Fisher information increased by a factor of ~50 after reconstruction.

Nonlinear plateau of Fisher information is significantly extended.

Technique benefits studies of BAO, RSD, and cosmic neutrinos.

Abstract

Reconstruction techniques are commonly used in cosmology to reduce complicated nonlinear behaviours to a more tractable linearized system. We study a new reconstruction technique that uses the Moving-Mesh algorithm to estimate the displacement field from nonlinear matter distribution. We show the performance of this new technique by quantifying its ability to reconstruct linear modes.
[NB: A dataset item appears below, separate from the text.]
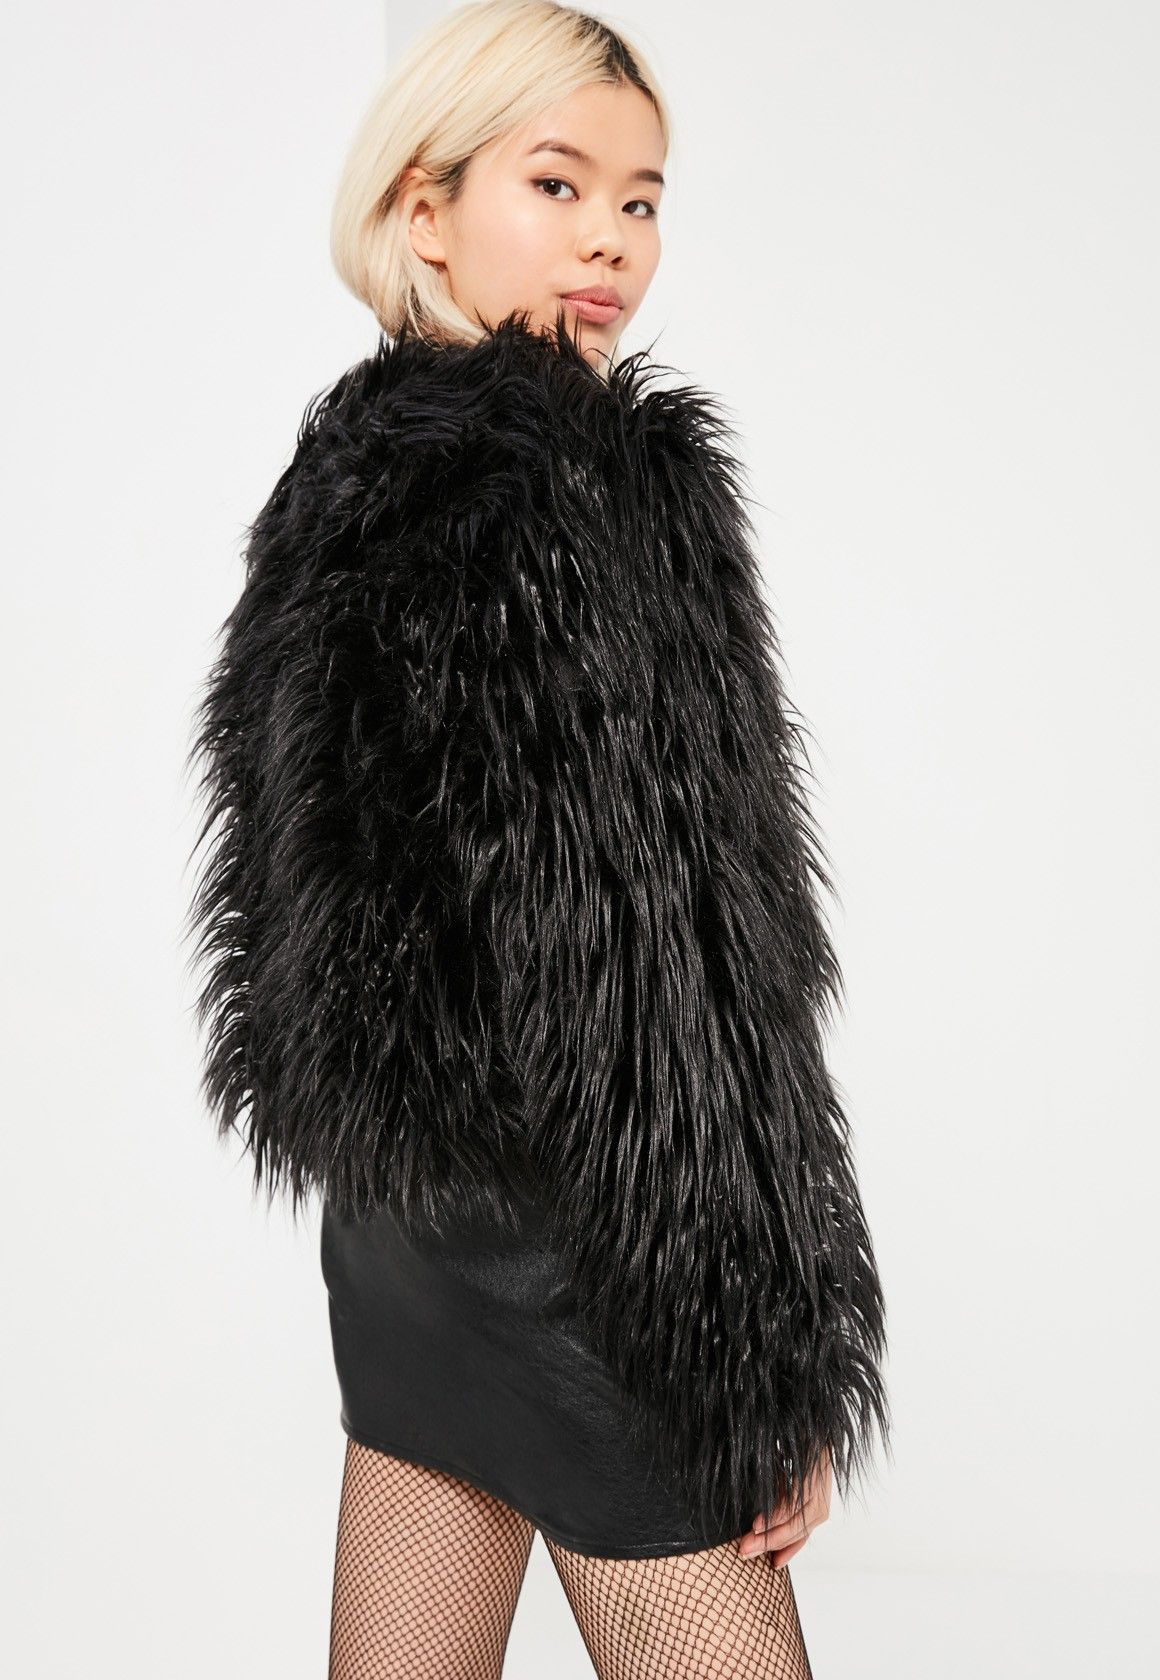 ace0b6e7c50dd Black Mongolian Faux Fur Coat - Missguided | Fashion | Pinterest ...

We study the cumulative Fisher information $I(<k_n)$ about the initial matter power spectrum in the matter power spectra in 130 $N$-body simulations before and after reconstruction, and find that the nonlinear plateau of $I(<k_n)$ is increased by a factor of $\sim 50$ after reconstruction, from $I \simeq 2.5 \times 10^{-5} /({\rm Mpc}/h)^3$ to $I \simeq 1.3 \times 10^{-3}/({\rm Mpc}/h)^3$ at large $k$. This result includes the decorrelation between initial and final fields, which has been neglected in some previous studies. We expect this technique to be beneficial to problems such as baryonic acoustic oscillations, redshift space distortions and cosmic neutrinos that rely on accurately disentangling nonlinear evolution from underlying linear effects.